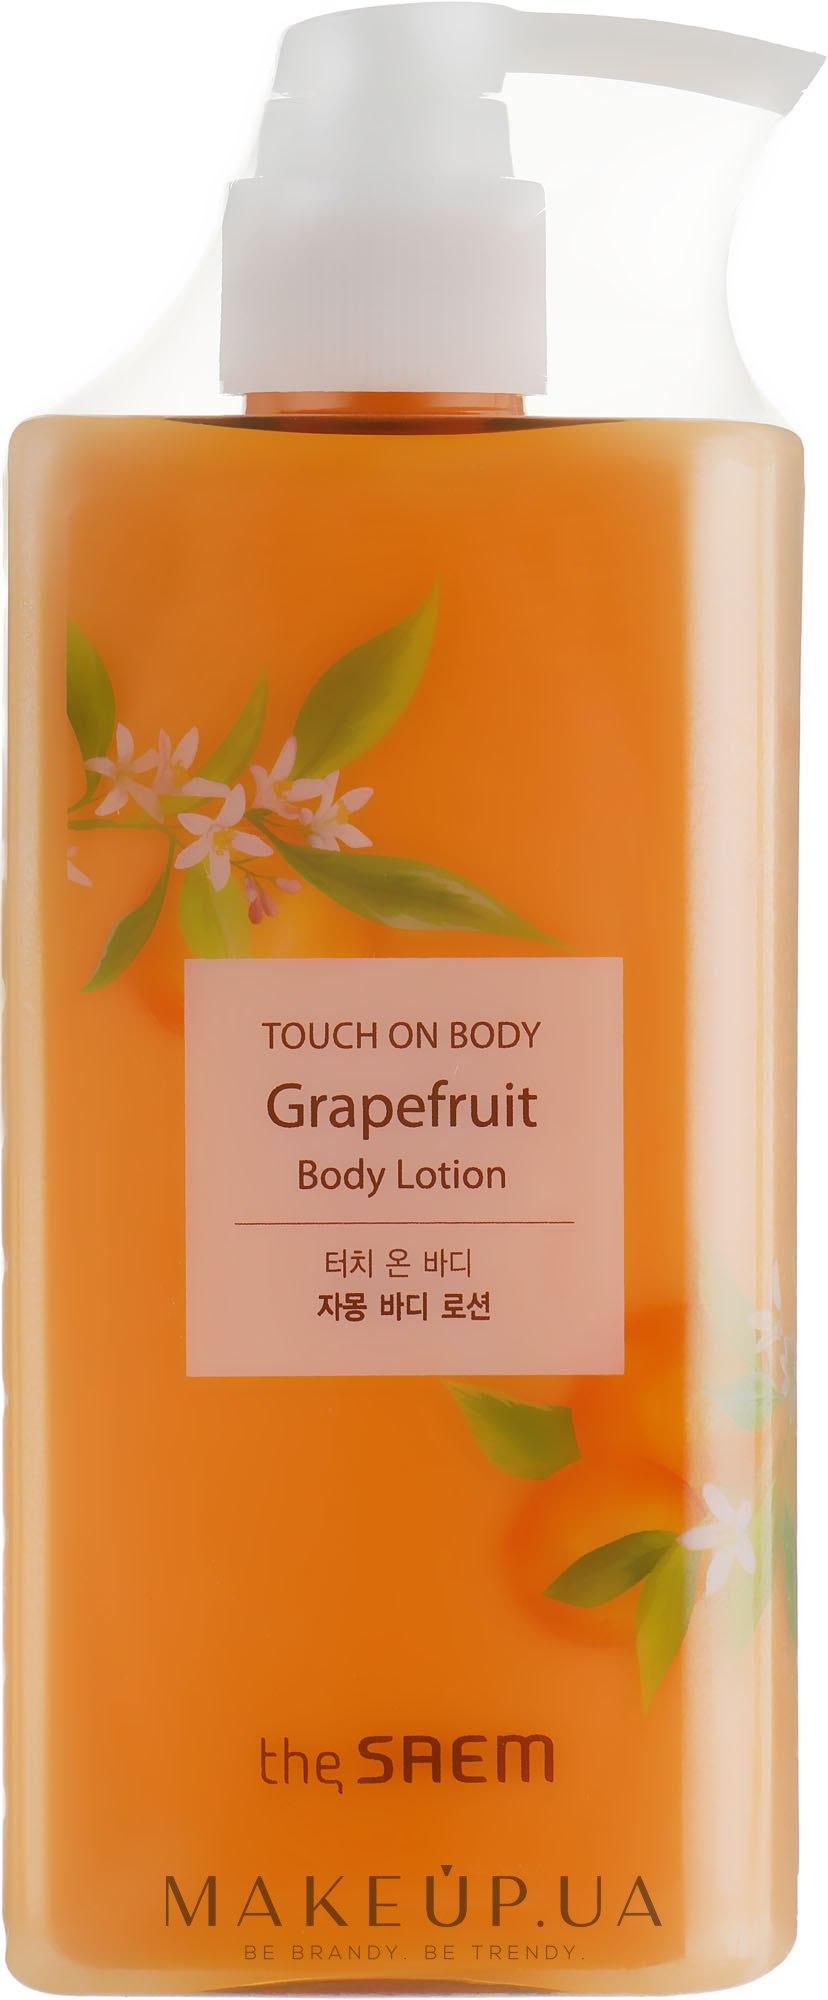 Лосьон для тела - The Saem Touch On Body Grapefruit Body Lotion — фото 300ml
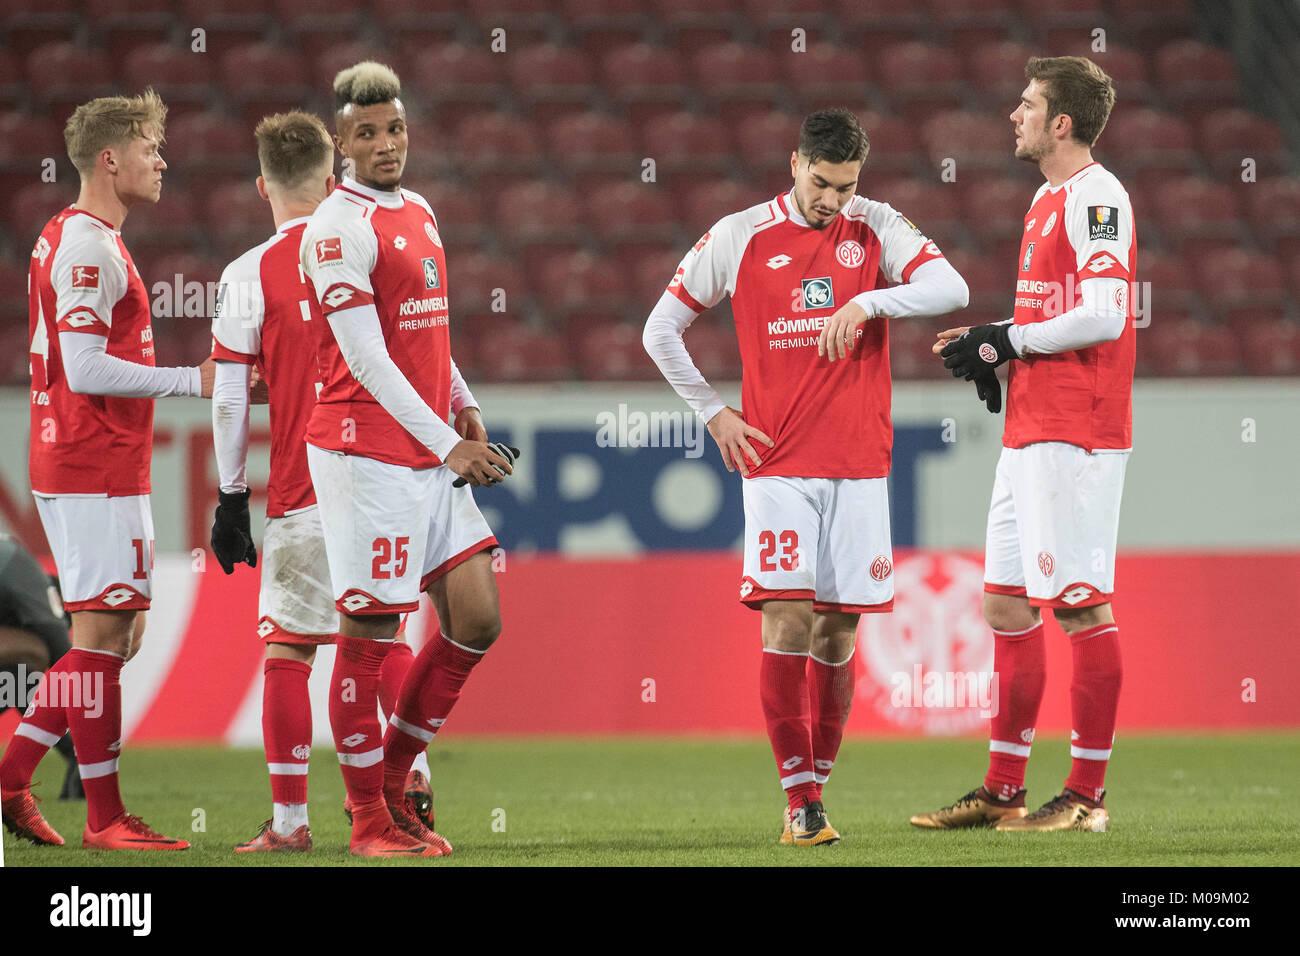 dejected after Spielschluss: die Mainzer Spieler  (v.r.)Stefan BELL (MZ), Suat SERDAR (MZ) und Jean-Philippe GBAMIN - Stock Image
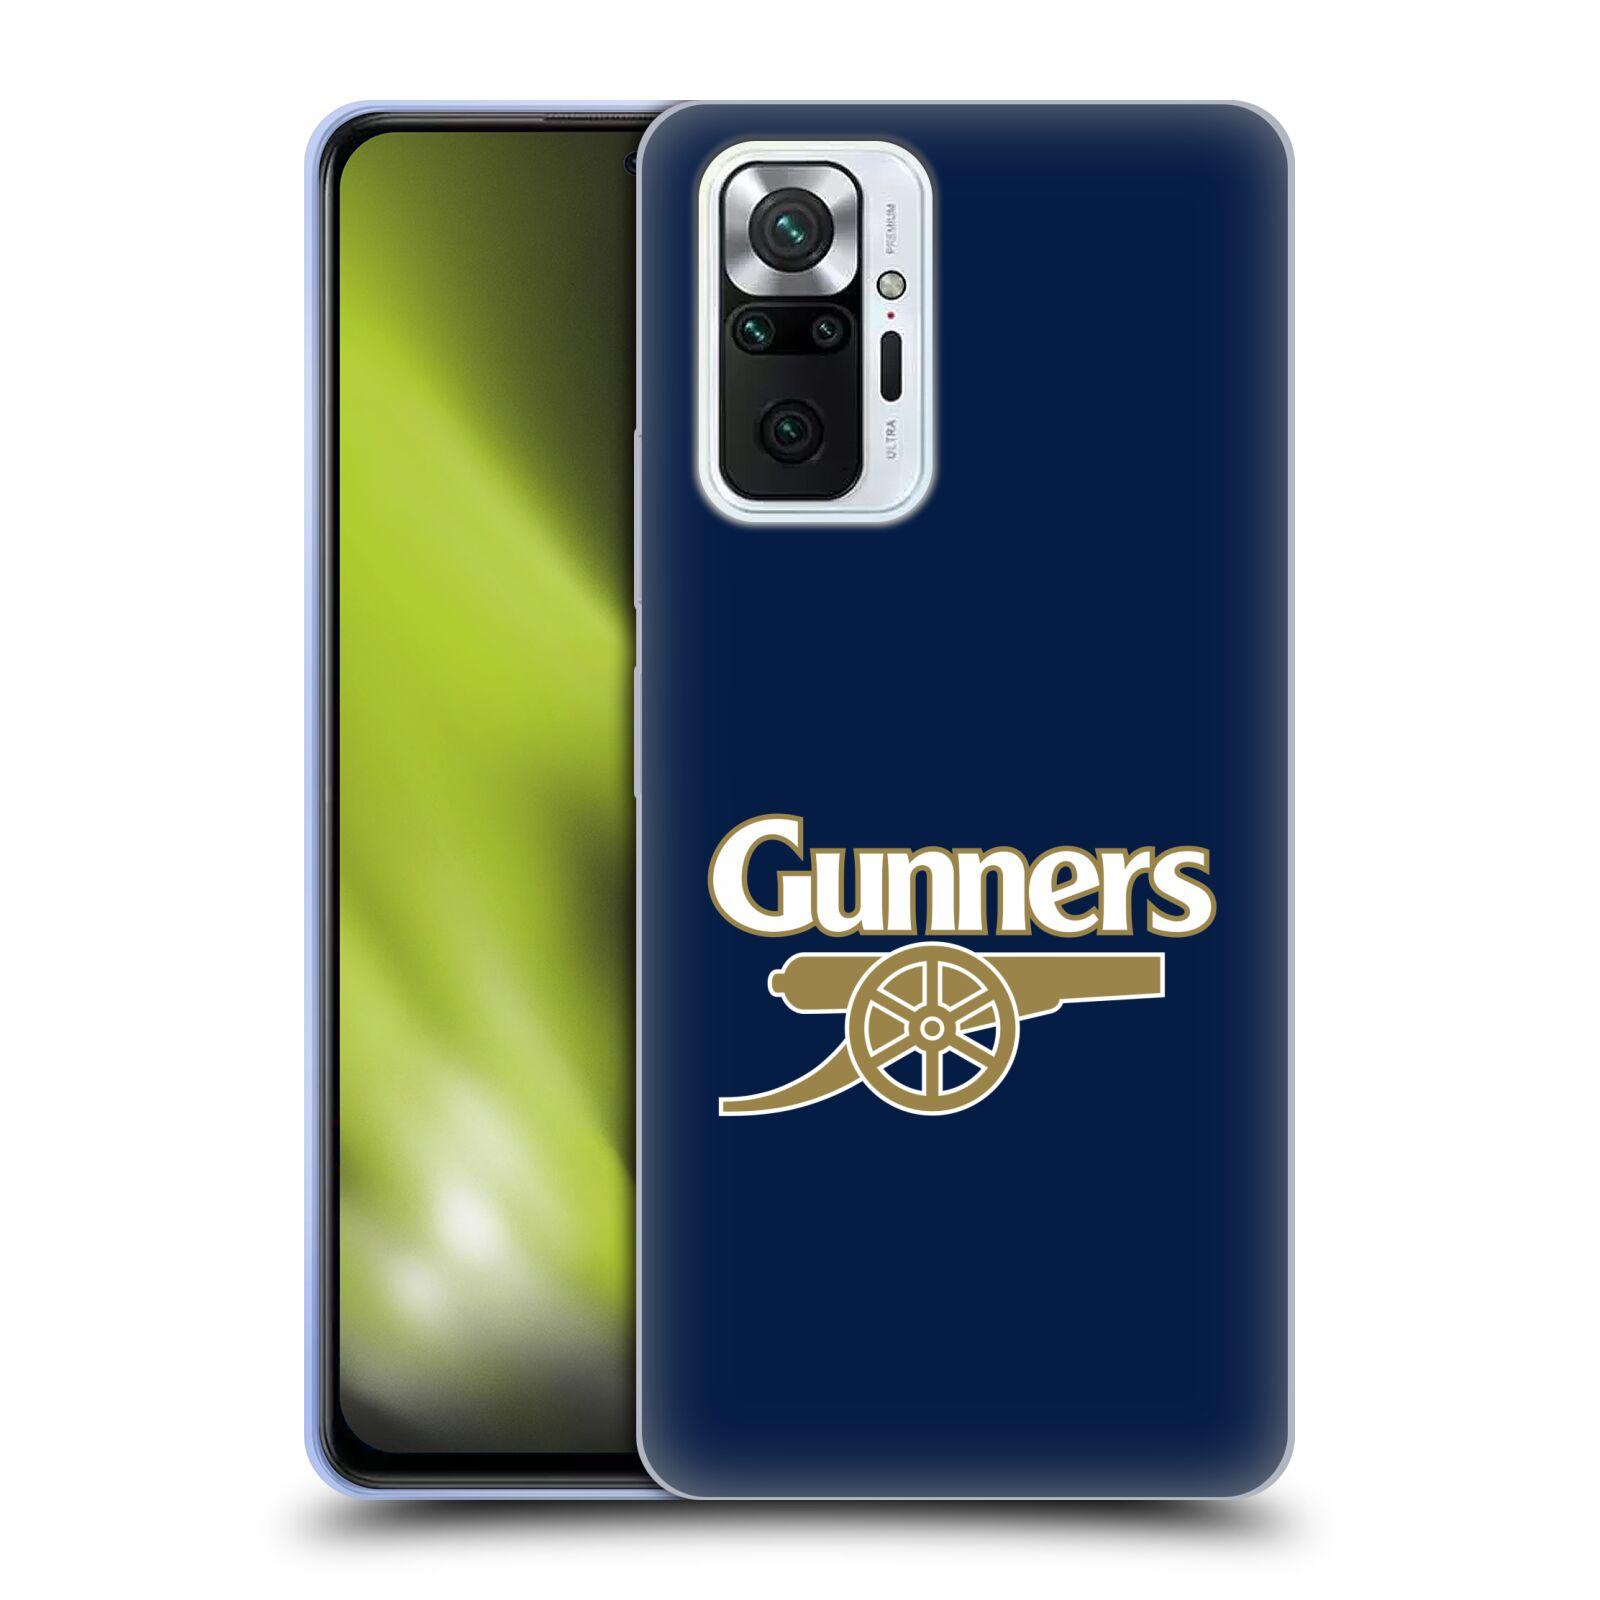 Silikonové pouzdro na mobil Xiaomi Redmi Note 10 Pro - Head Case - Arsenal FC - Gunners
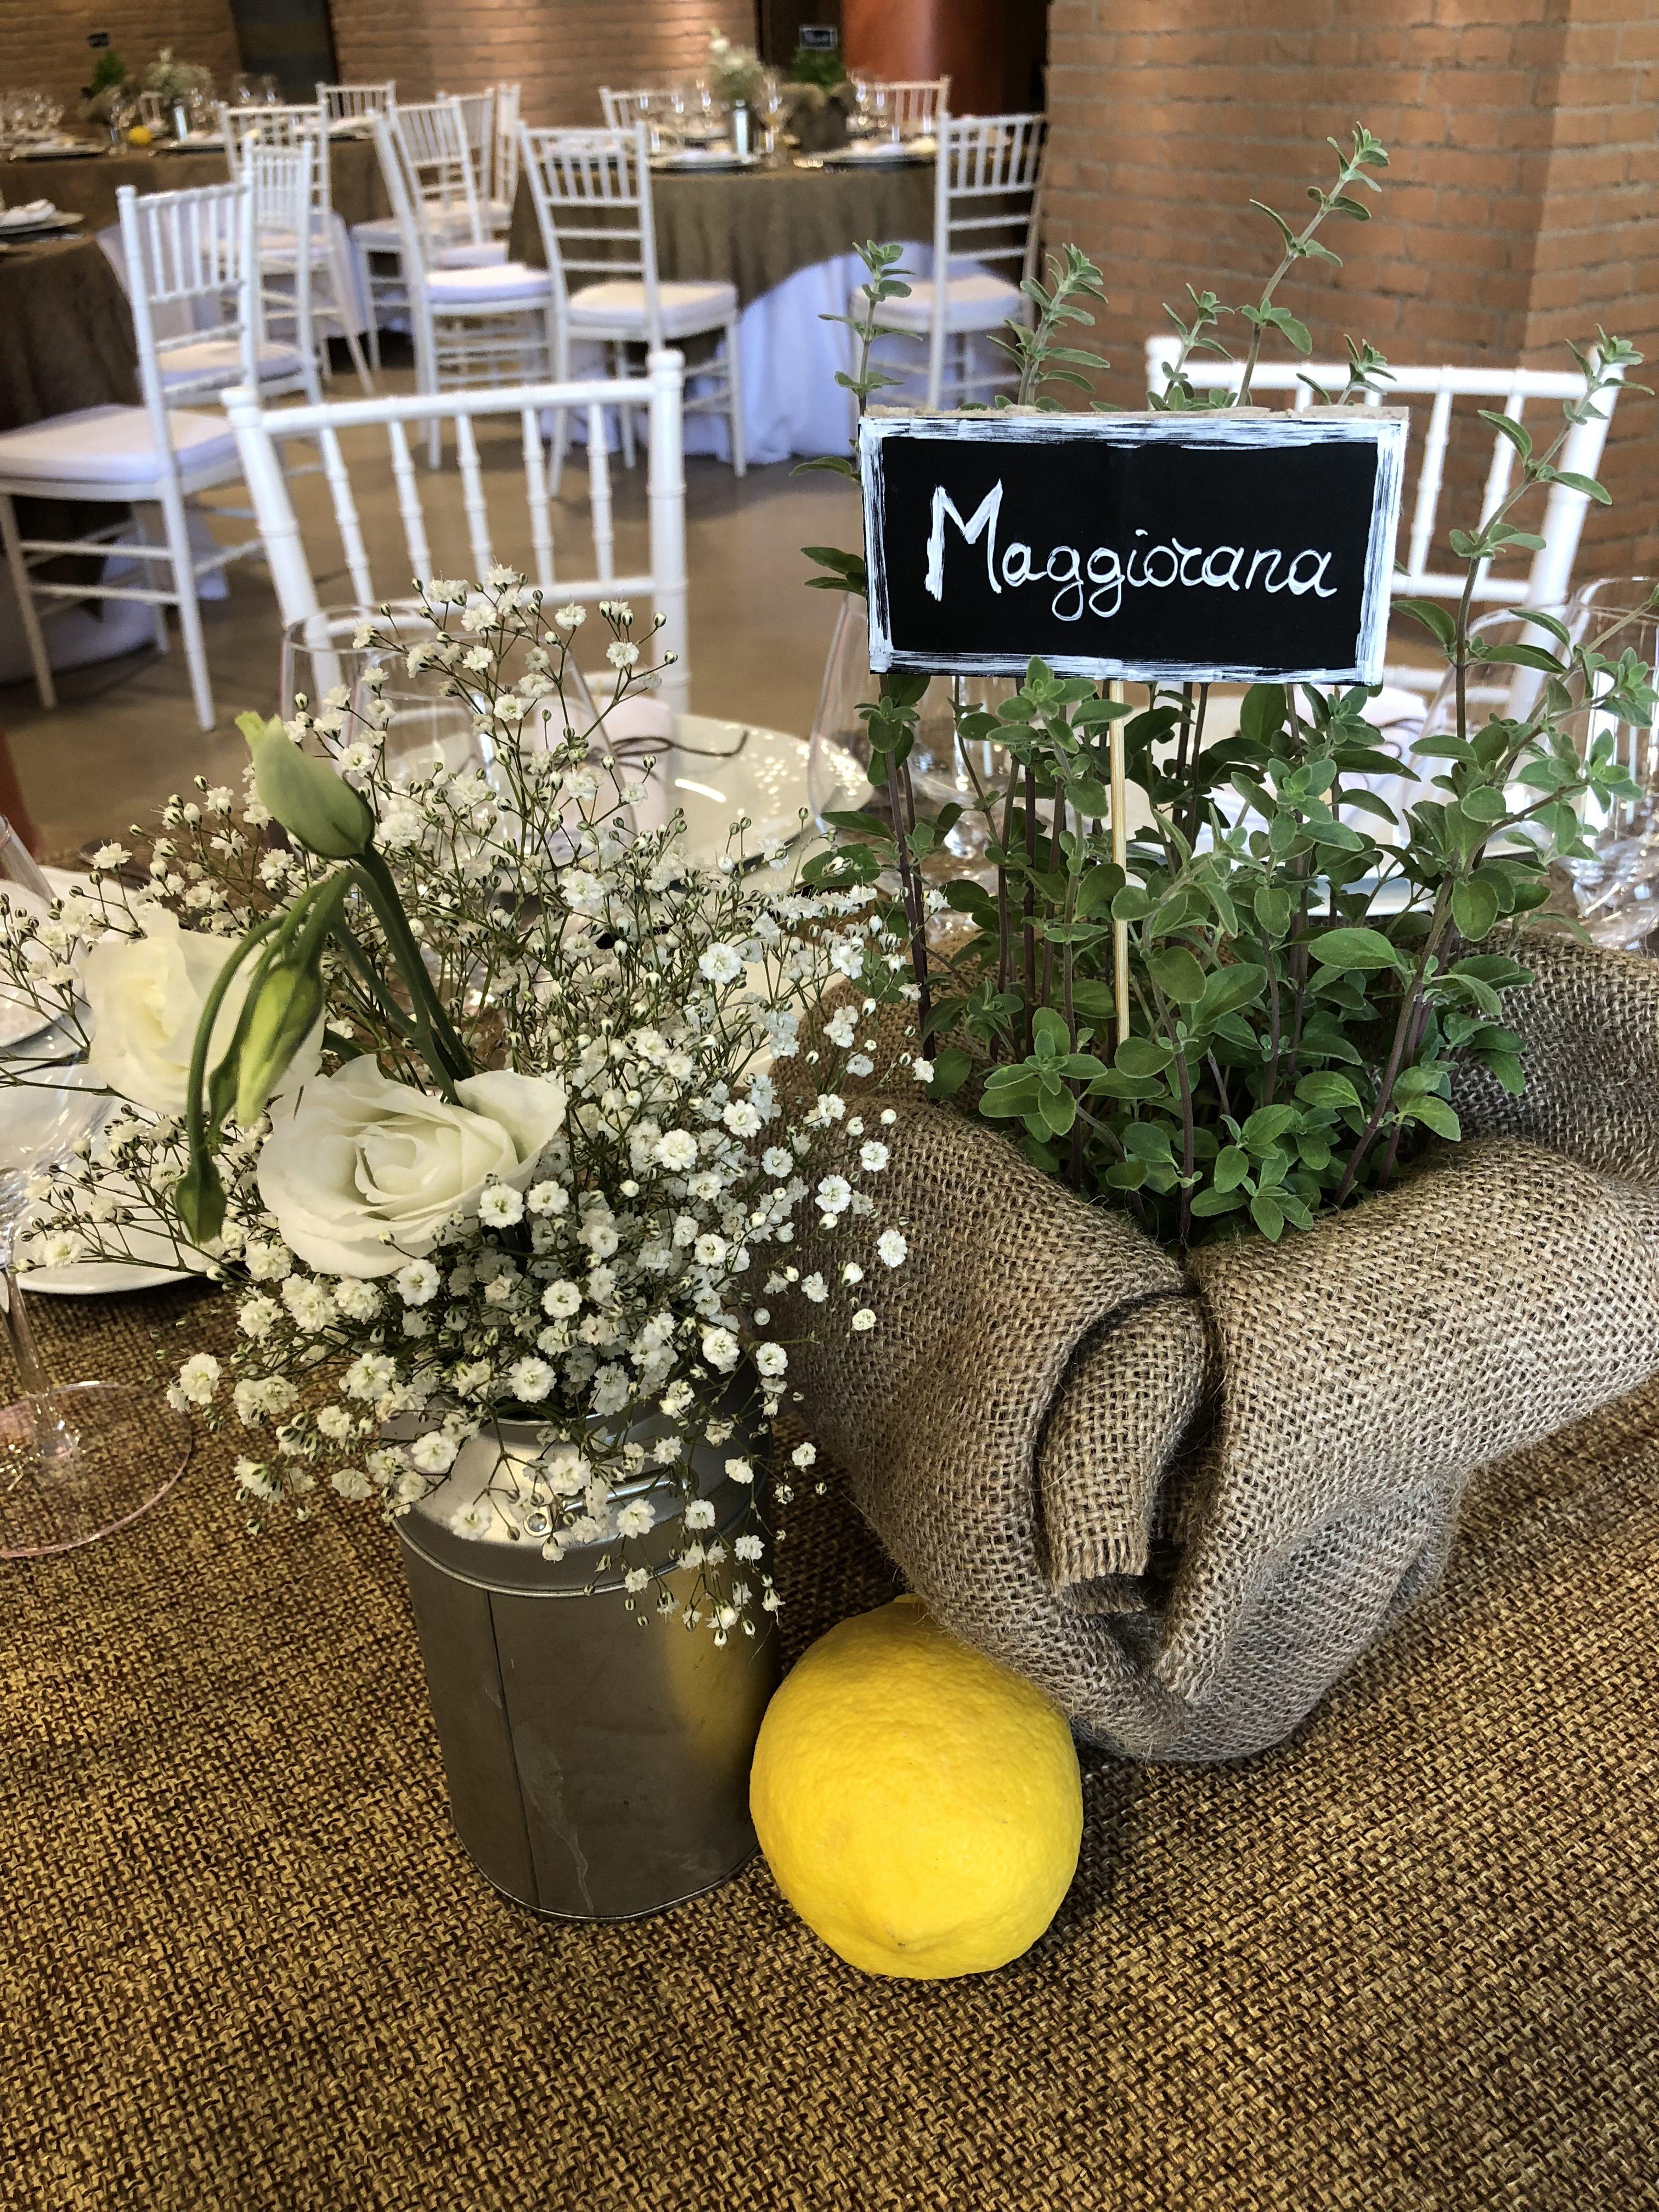 Allestimento Matrimonio Stile Country Chic : Matrimonio country roma maan catering banqueting frascati

####################

Reproduce all of the material exactly, apart from the pictures.

 Лосьон для тела - The Saem Touch On Body Grapefruit Body Lotion — фото 300ml
 dejected after Spielschluss: die Mainzer Spieler  (v.r.)Stefan BELL (MZ), Suat SERDAR (MZ) und Jean-Philippe GBAMIN - Stock Image
 Silikonové pouzdro na mobil Xiaomi Redmi Note 10 Pro - Head Case - Arsenal FC - Gunners
 Allestimento Matrimonio Stile Country Chic : Matrimonio country roma maan catering banqueting frascati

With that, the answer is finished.